Little-known fact about me: while my memory is quite good when it comes to facts and phrases and things I did from 1996 onward, my memory is much more scattershot for the majority of my childhood & teenagehood. For a long time, when doing work on myself, I would ask my parents and family about things I did, ways I acted, etc. At this point, though, I’ve been mining those veins for a good long time, so the stories my family tell me about my life aren’t likely to be different from those I’ve already heard… and anything that might be different would be viewed with more than a little suspicion.
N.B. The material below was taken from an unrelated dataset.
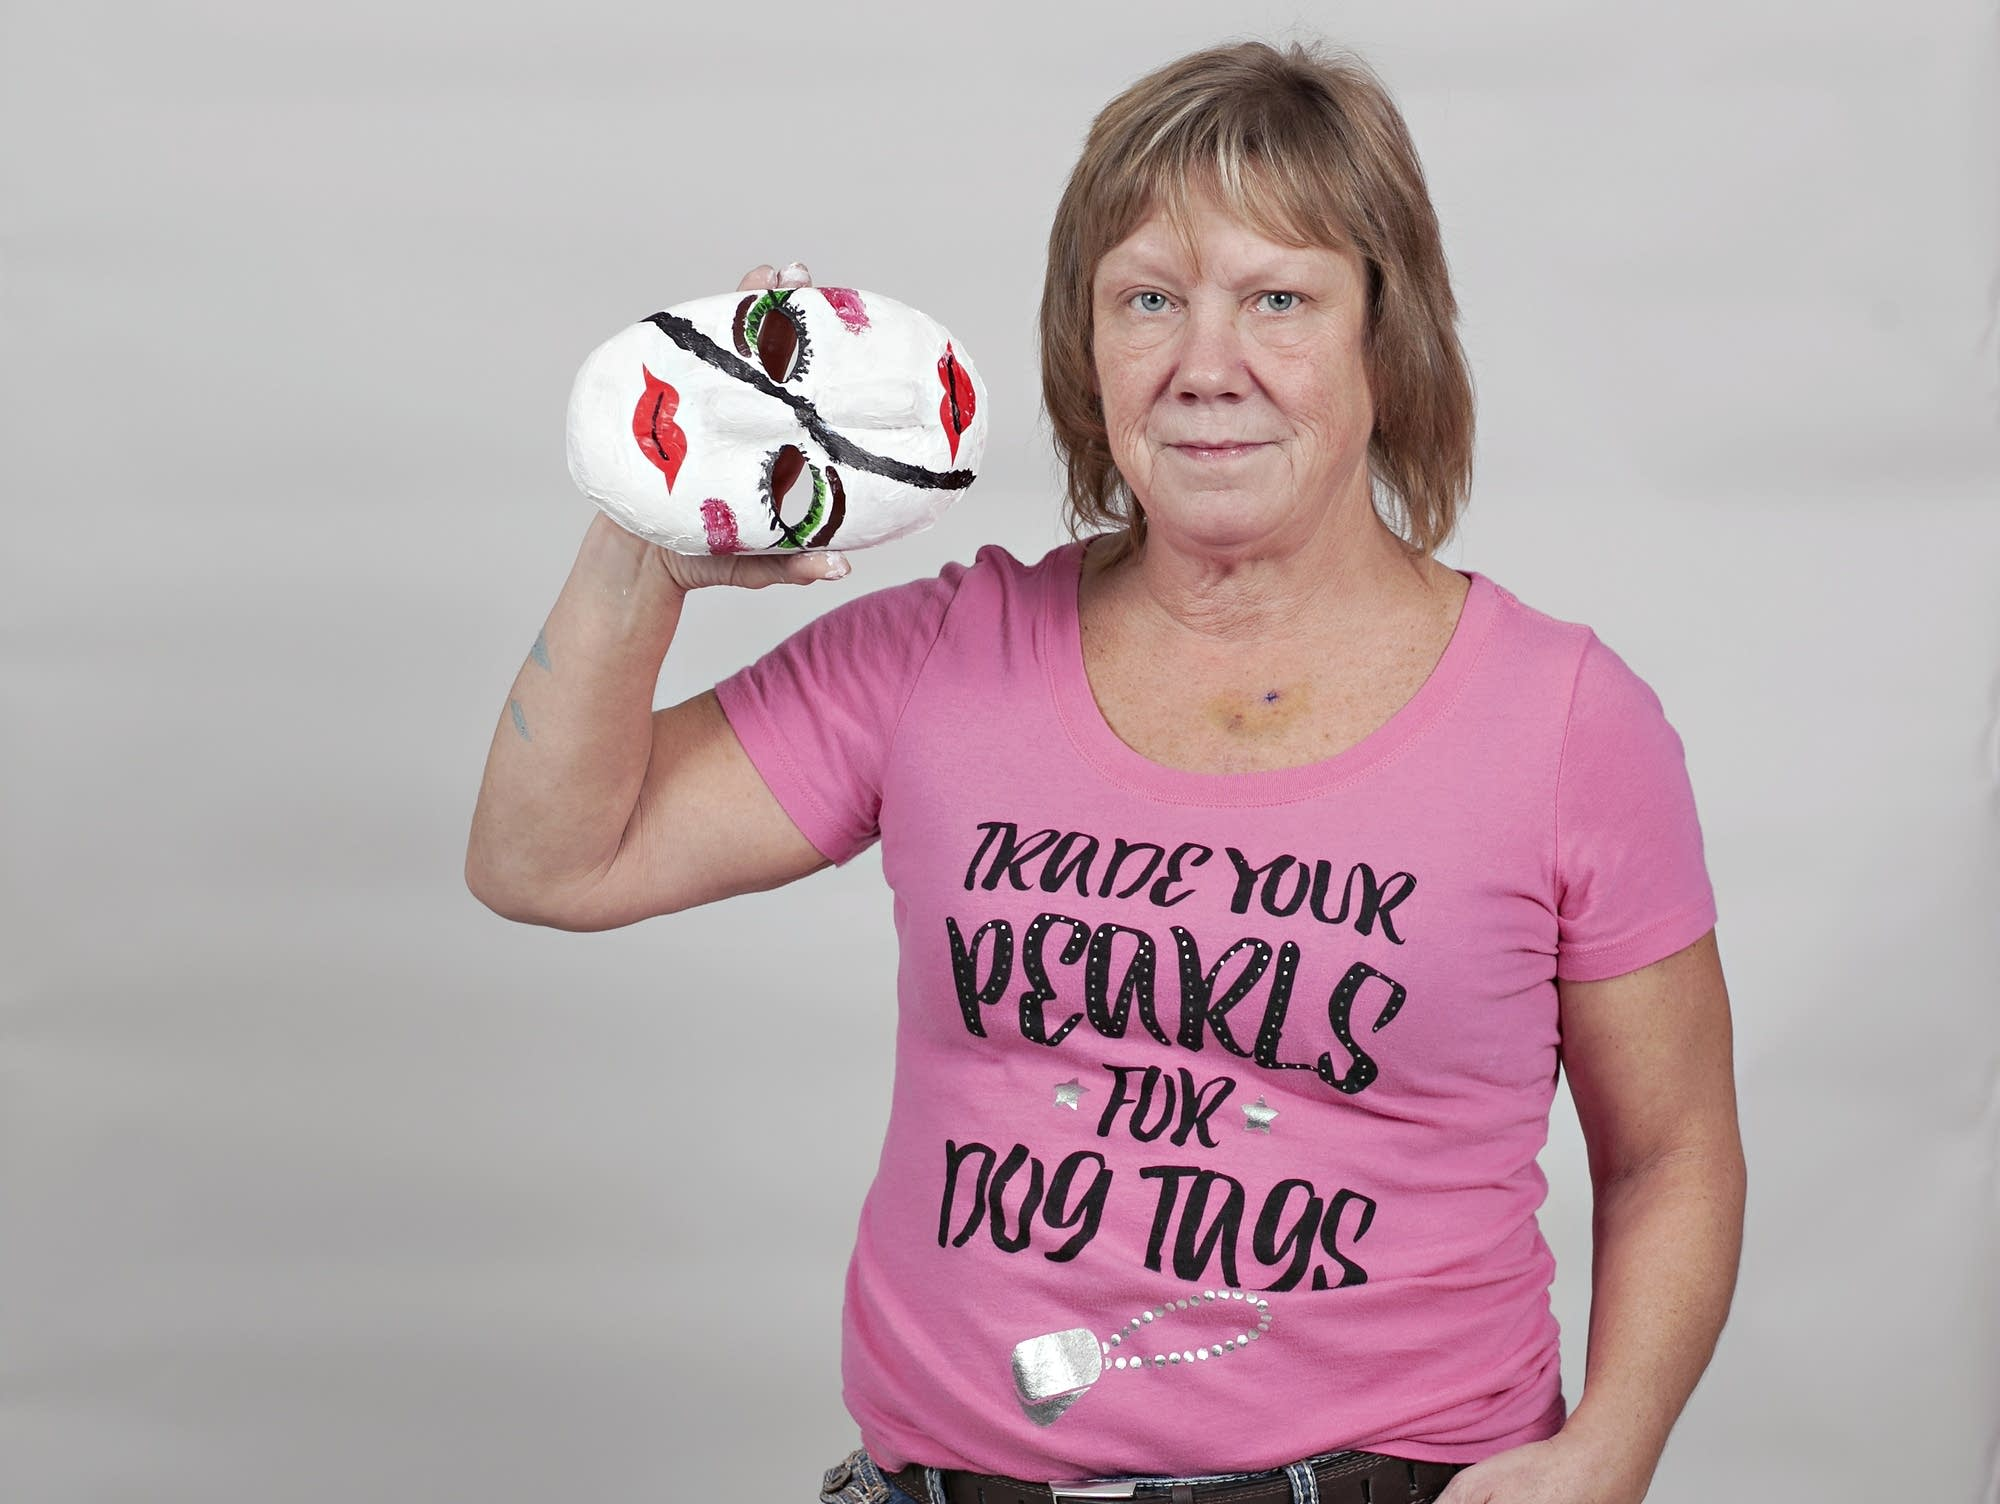 Julie Saatoff, 54, of Fargo, N.D.

So imagine my surprise when I stumbled upon* a story in which I figure prominently, written by a person I’d lost touch with decades ago. It was their beautiful “my first coming out” story. A coming out story in which I had the honor of being the one trusted with the news – and apparently, I reacted pretty well.
The post was almost 10 yrs old, but I saw it for the 1st time this past weekend and I’m still flustered about it. (And the person does not know I’ve read it.) Sure, I had a bit of a “go me!” reaction when I first read it, but in general I’m weirded out.
Why weirded out?
Because this was a person who was my best friend at the time and while I remember quite a few things from that time period, I do not remember this coming out story at all. At ALL. I have absolutely no memory of talking about love or crushes or anything like that with this person. It’s weird to read a brand-new story about a moment in my childhood when I thought I had the last available pieces in place. It’s also weird that, while reading, I didn’t get some sort of a “Oh! Right! I remember that!” response… and dammit, it’s weird that it also doesn’t even bring up any positive or negative nostalgia feelings. I mean, I remember this person incredibly fondly, and I am very used to getting some gut-level nostalgia feeling about a life story**, even when I don’t remember it.
I should have SOME gut-level reaction. Something to ground me there.
Because y’know, this person deserves more than this new hole in my brain.
I know that, given a few days, this will all be fine and dandy. But damn, that revelatory moment of “you don’t know everything about yourself” never fails to surprise.
* Okay YES I was googling myself. I do that once every few years to clean up old content out there.
** It’s telling that hearing a story about myself that I don’t remember was common enough in my life that I actually got used to a specific kind of emotional reaction to it.